Our study revealed that tooth agenesis could result from not only initiation failure but also the regression at late stage by excessive cell death. Furthermore, we indicated that the persistently active FGF signaling also led to microdontia with impaired root formation and mineralization, which disclosed the comprehensive effects of Fgf8 on tooth development. This finding provides a novel etiological interpretation for tooth agenesis and microdontia by uniting two clinical manifestations into one pathogenesis, which would benefit the therapeutic strategy for tooth regeneration. Due to the recent and latest advances in the application potential of dental stem cells [30,31,32], our study also implicated that FGF signaling had to be finely tuned in the stem cells for tooth regeneration, and only a moderate activity would allow the normal differentiation and maturation of the stem cells. However, how the overactive FGF signaling impacts tooth root development, odontoblast differentiation and dentin mineralization still requires further investigation.
4. Materials and Methods
4.1. Mouse Lines
The Osr2-creKI, Rosa26R-Fgf8 and Rosa26R-mT/mG mice were genotyped as described previously [33]. All mice were housed and bred in the Specific Pathogenic Free System of the institute of Genome Engineered Animal Models for Human Diseases at Dalian Medical University. Morning of the day of vaginal plug detected in breeding females was designated as E0.5. Animals and procedures used in this study were approved by the Animal Care and Use Committee at Dalian Medical University (Protocol No. AEE18011).

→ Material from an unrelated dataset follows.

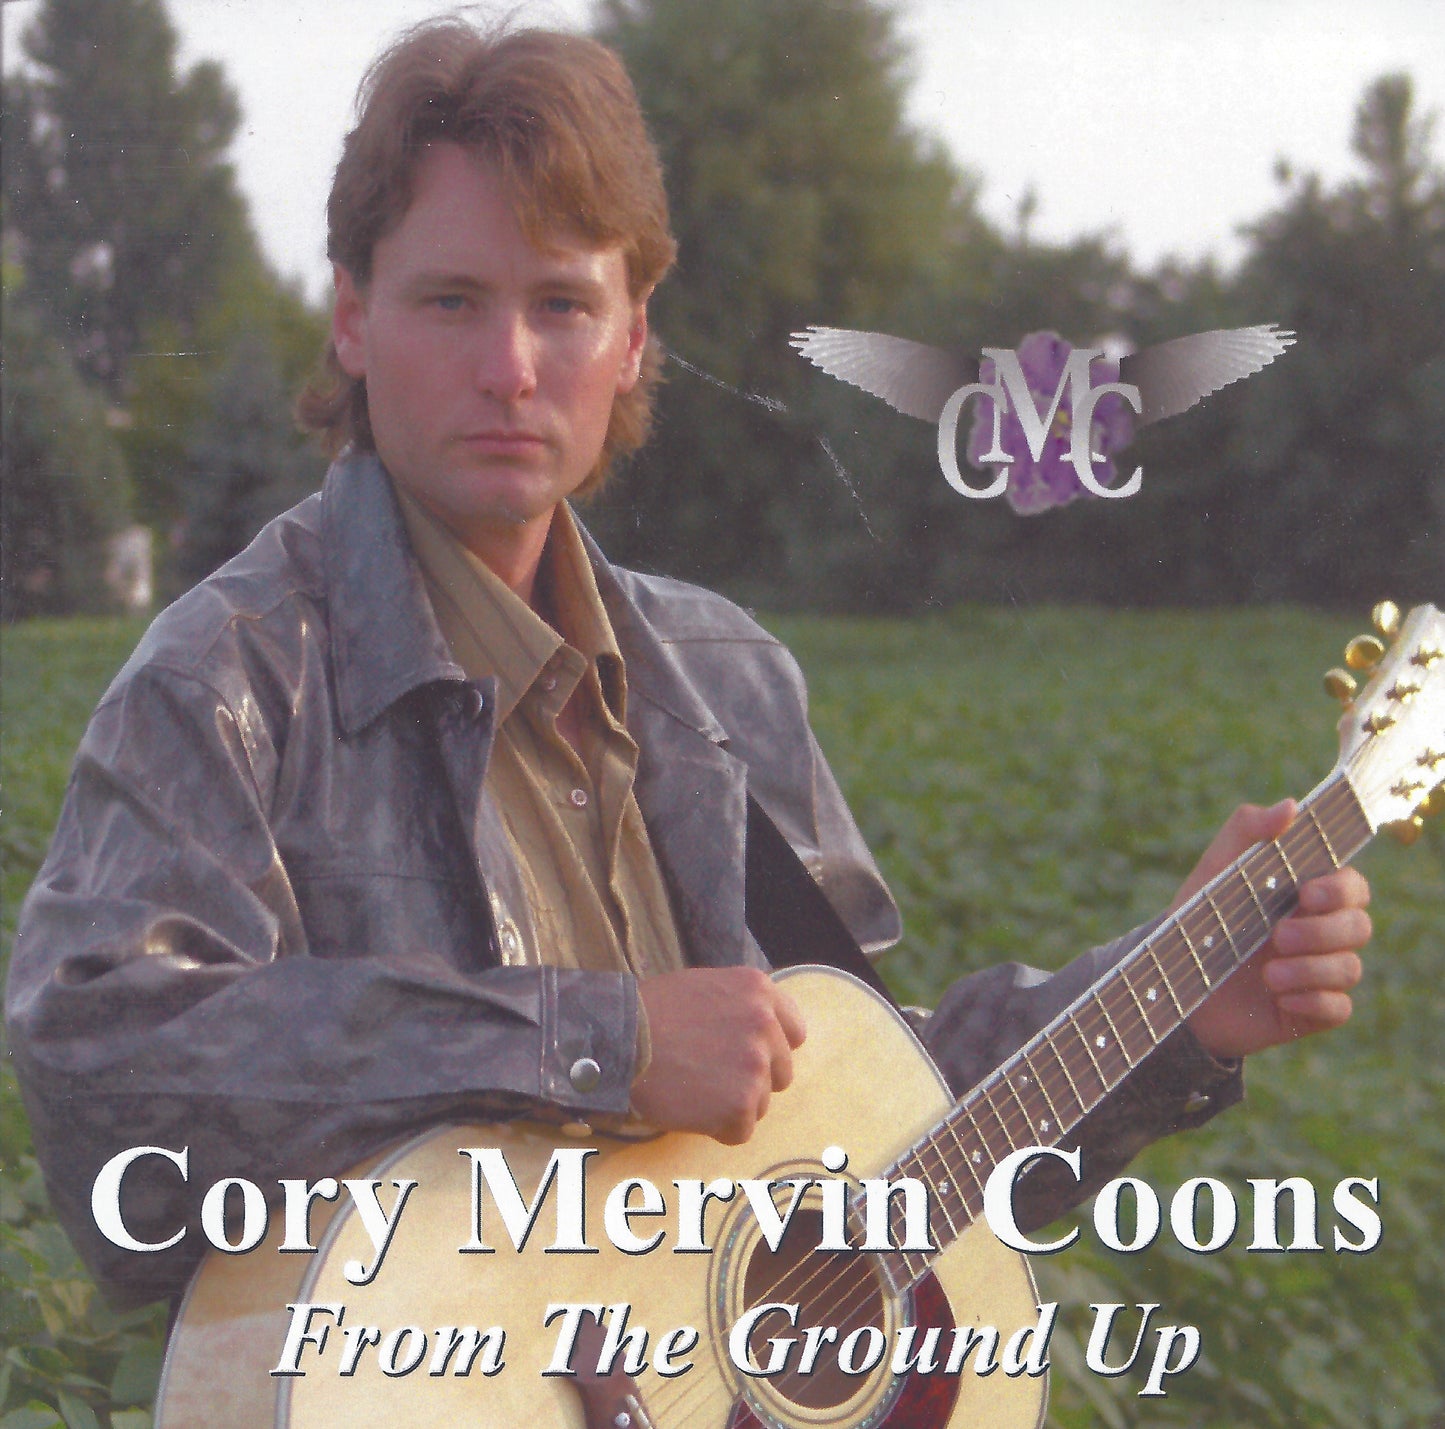 Spanish Dream In Paradise - Cory Mervin Coons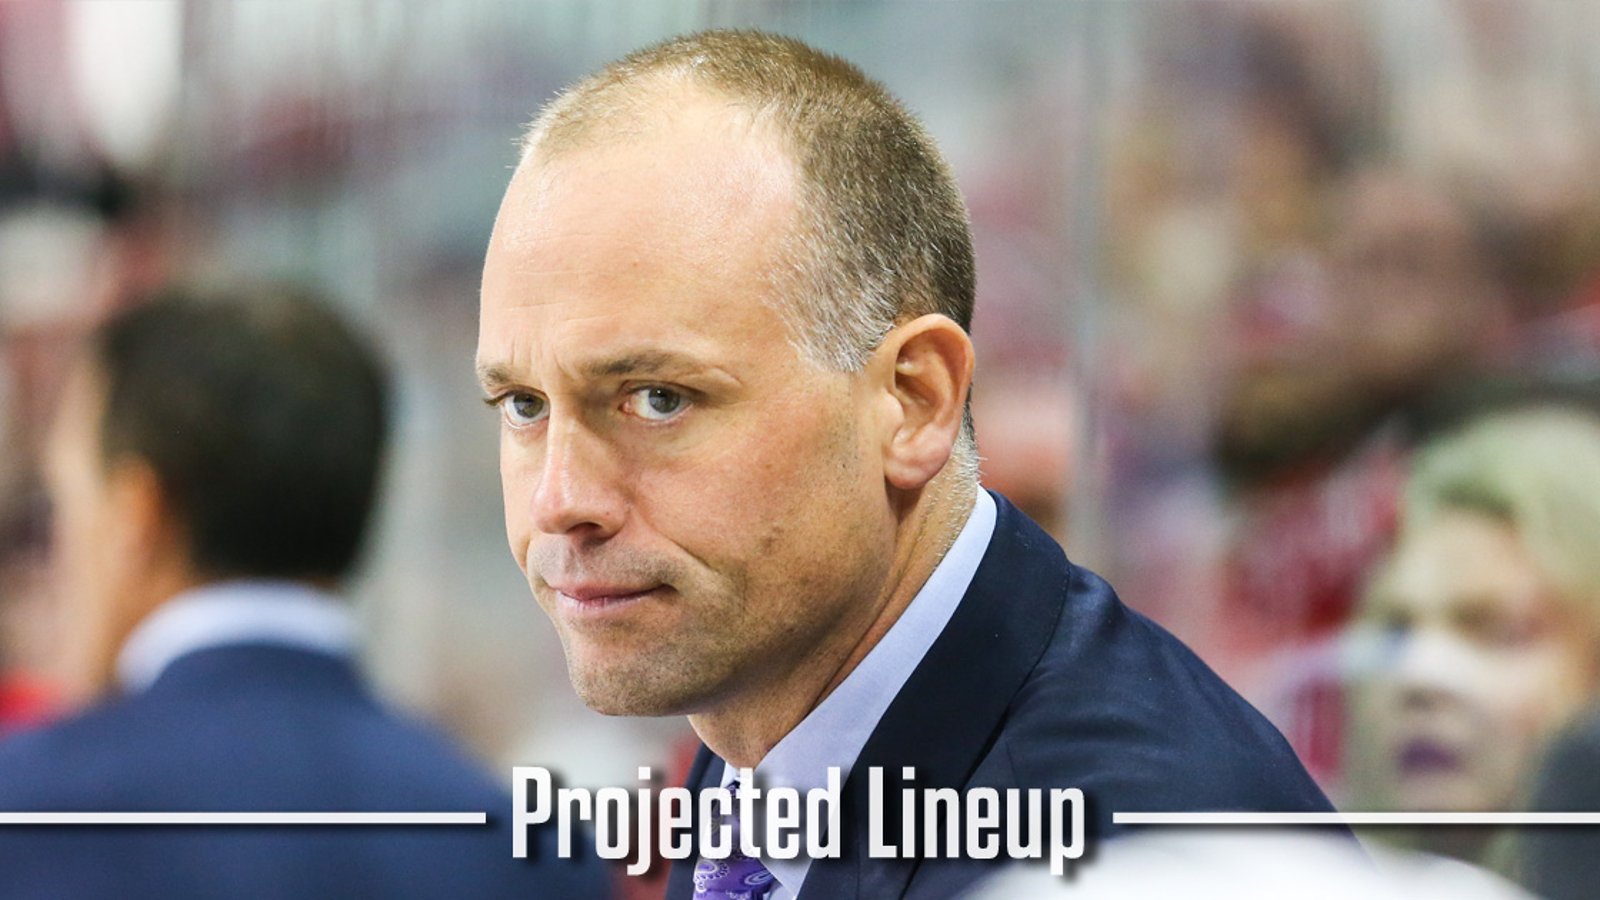 Projected lineup: Forward expected to be in the lineup tonight against Toronto.

4.2. Histological and Cryostat Section
The timed pregnant mice were treated by carbon dioxide and cervical dislocation for euthanasia. The dissected mouse embryonic heads were fixed in 4% paraformaldehyde (PFA) at 4 °C overnight, dehydrated through graded ethanol, embedded in paraffin and then sectioned in 10 μm for Masson staining [33]. The implanted molar germs from the sub-renal capsule culture were also subjected to the identical protocol for histological sections but stained by hematoxylin and eosin. For cryostat section, the heads were fixed in 4% PFA, dehydrated with 15% and 30% sugar solution overnight, embedded in O.C.T. and eventually sectioned into slices with a thickness of 10 μm. To ensure the penetrance of tooth phenotype and Cre pattern, the embryonic heads from at least three litters were examined for each stage.
4.3. BrdU Labeling Assay
For BrdU labeling assays, the pregnant mice were intraperitoneally injected with 10 mmol/L BrdU at a dosage of 5 mL/kg body weight at 30 min before sacrifice. The harvested embryonic heads were fixed in Carnoy’s fixative for 4 h, prepared for paraffin sections in 10 μm according to the above-mentioned protocols. The BrdU-labeled cells were detected using the Detection Kit II (Roche, Basel, Swiss) and counterstained with nuclear fast red solution. The density of BrdU-positive cells in incisor and molar germs was present by the numbers of BrdU labeling nuclei in the defined areas of dental epithelium and mesenchyme, respectively. The BrdU labeling assay was repeated in the samples from three different litters for each stage.
4.4. TUNEL Assay
Cell apoptosis within the epithelium and mesenchyme of incisor and molar germs was monitored by TUNEL assay, using the In Situ Cell Death Detection Kit, POD (Roche, Basel, Swiss) on 10 μm thick paraffin sections. Nuclei were counter-stained with DAPI. Cell density in incisor and molar germs was calculated by the numbers of TUNEL-positive cells in the defined areas of dental epithelium and mesenchyme, respectively. The TUNEL assay was performed in at least three repeats in the samples from different litters for each stage.
4.5. Statistical Assay
The number of BrdU- or TUNEL-labeled nuclei was counted with ImageJ version 1.51j8. The areas of dental epithelium and mesenchyme in incisor and molar germs were also quantified by ImageJ version 1.51j8. All quantitative data were expressed as means ± Standard Deviation from three independent repeats. Student’s t-test was used to determine the statistical significance of the differences, which were considered statistically significant at p-value < 0.05.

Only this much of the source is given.